G1: well differentiated (good)
b.
G2: moderately differentiated (moderate)
c.
G3: poorly differentiated (bad)
Determination of specific histiotipe need for therapy and prognosis. There are four types of known subhistologi namely:
a.
embryonal type
Embryonal rhabdomyosarcoma is the type most commonly found in children, approximately 60% of all cases rabdomiosarkoma.Tumor can occur anywhere, but most often on the genitourinary, head or leher.Pada histology histology of this type have a high variability, which illustrates some levels of muscle morphogenesis skeletal.Merupakan neoplasms with high differentiation consisting of rabdomioblas with eosinophilic cytoplasm. Desmin and actin were found in the muscles used for diagnosing rhabdomyosarcoma
b.
Alveolar Type
Alveolar tumors that cause approximately 15% of cases, is characterized by the chromosomal translocation T (2; 13). Tumor cells tend to grow in the nucleus (core), which often have a slit-like spaces that resemble alveolar alveoli.Tumor most often occurs in the body and limbs and have the worst prognosis.
c.
Botrioid type,
It is a variant form of embryonal tumor and stromal cells which are swollen protruding into the cavity of the body like a bunch of grapes, causing 6% of cases and most often appear in the vagina, uterus, bladder, nasopharyngeal and middle ear.
d.
pleomorphic type (adult form)
Pleomorphic type (adult form) is rare in children (1% of cases). Approximately 20% of patients are estimated to have undifferentiated sarcoma. This type is very rare in patients over 45 years the other three in 90% of cases occur before the age of 20 years. Pleomorphic variant has atypical tumor cells were large, some showing cytoplasm with corakan berlurik much typical for skeletal muscle differentiation.

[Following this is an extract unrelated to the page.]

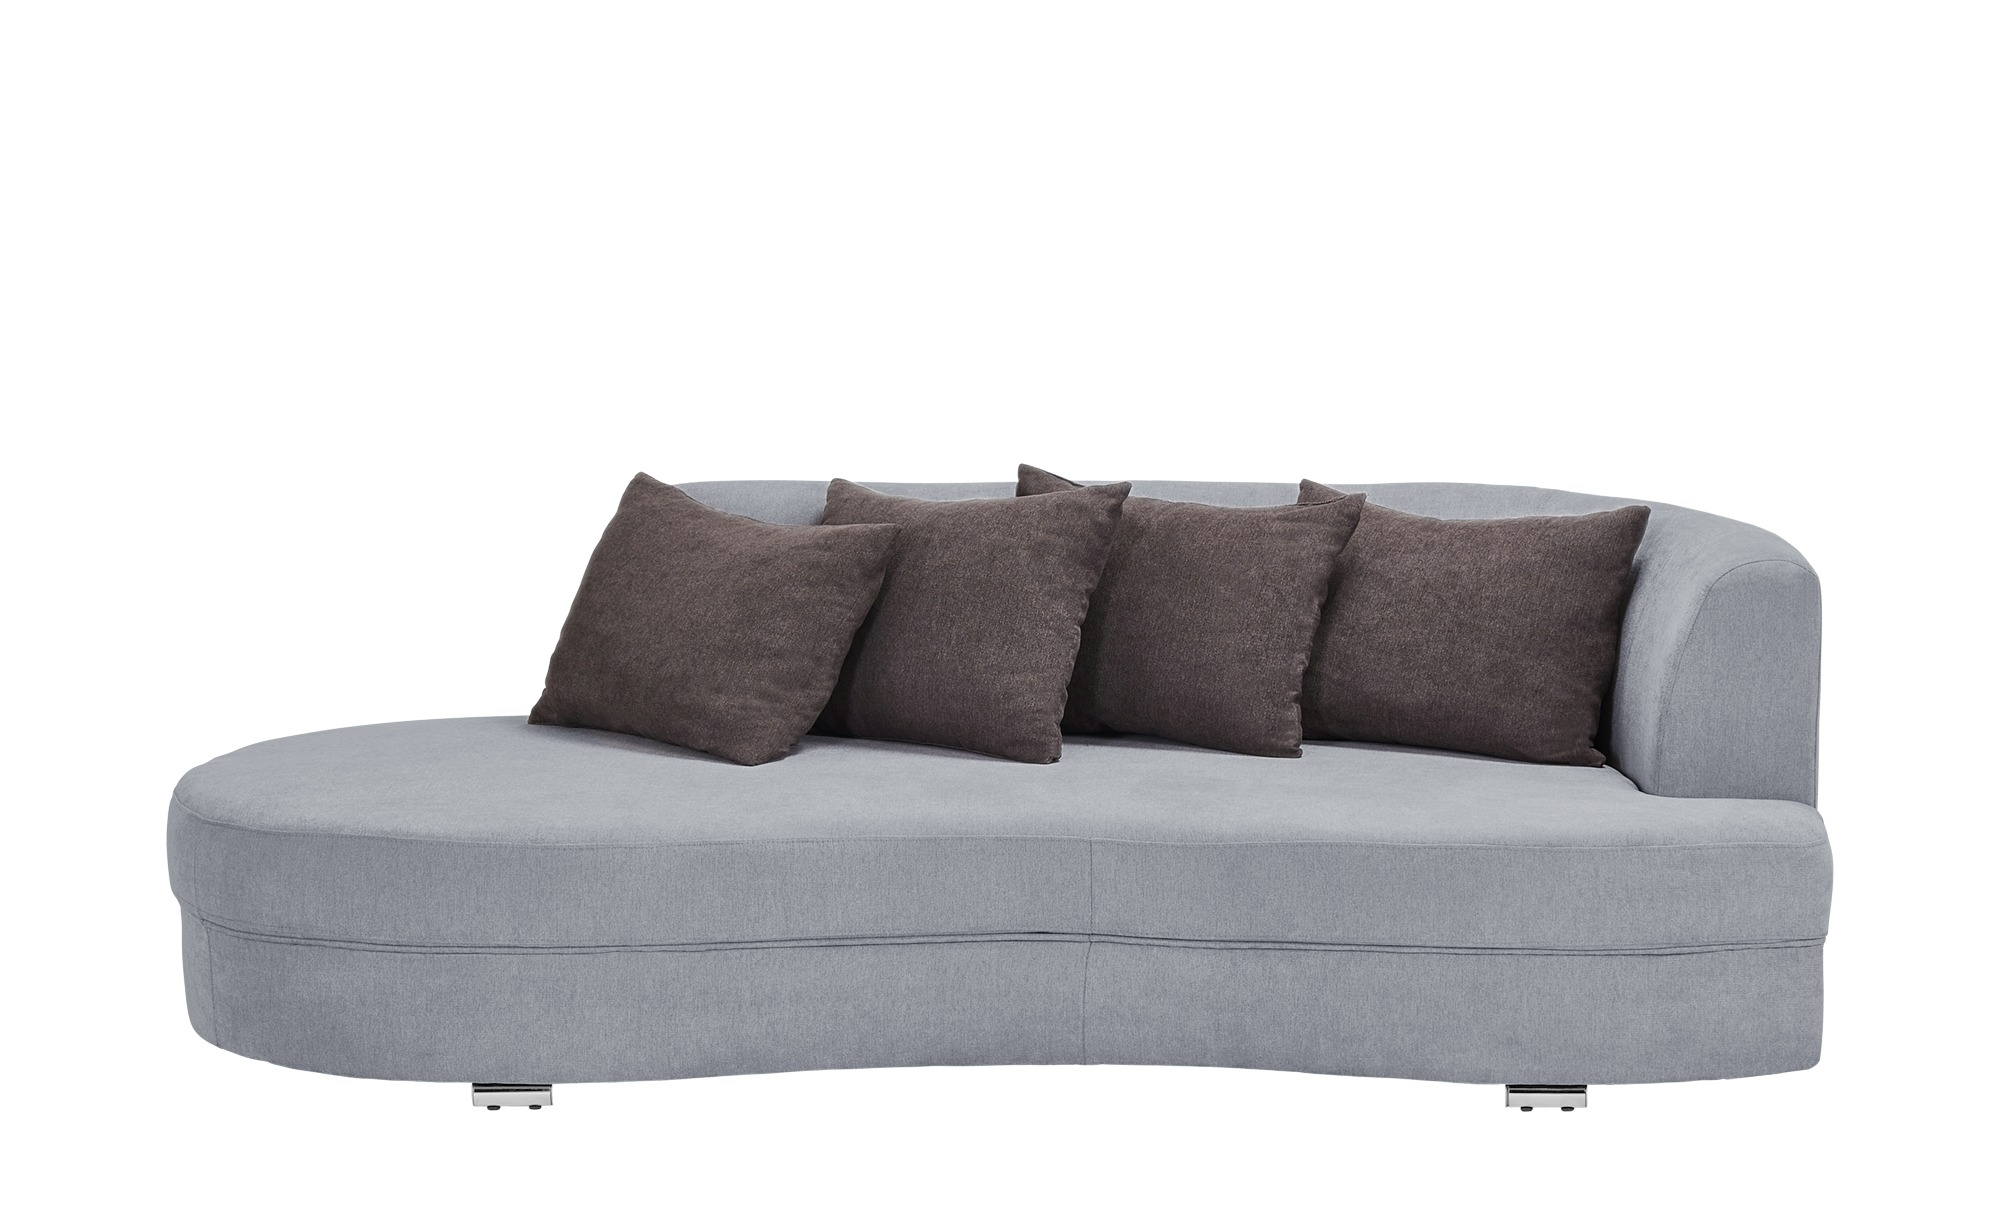 Full Size of Smart Big Sofa Grau Flachgewebe Marina Silbergrau Wohnlandschaft Chippendale Mit Hocker Schilling Garnitur Stoff Rundes Antik 3er Federkern Rattan Englisch Sofa Höffner Big Sofa

Histopathologic Classification TNM After Unresectable
pT0: There is no tumor on histological examination.
PT1: Limited on the organ of origin. Excision perfect.
Pt2: The invasion into surrounding organs, excision perfect.
PT3: Invasion into surrounding organs, excision is not perfect.
a. Remaining visible microscopically
b. The rest can be seen as a macroscopic
c. Tumor can not be resected.
Nopt 4
pN0: No lymph nodes affected
PN1: lymph nodes affected
pM0: No metastasis to distant sites
PM1: There is metastasis to distant sites
Stages
- Stage I (16% of cases)
Cancer is only found in the initial site of cancer arise On microscopic examination, there are no cancer cells in the tissue after the tumor is removed.
- Stage II (28% of cases)
Divided into II A, II B, and II C
1. IIA: Cancer can be lifted, but microscopically, there are remaining cancer cells in the tissue. No lymph nodes were affected.
2. IIB: The cancer is localized, it can be removed, ith or without lymph node involvement
3. C II: The cancer has spread to lymph nodes. Cancer and lymph nodes still can be removed surgically, but still terapat remaining cancer cells are microscopic.
- Stage III (36% of cases)
Cancers can be removed surgically, but still there are remaining cancer can be seen without mikroskop.Kanker has not spread to distant sites.
- Stage IV (20% of cases)
Cancer has spread to distant sites.
Other variants are basically small tumors primitive blue cell, poorly differentiated have a focal skeletal muscle differentiation (rabdomioblas with eosinophilic cytoplasm and corakan striated).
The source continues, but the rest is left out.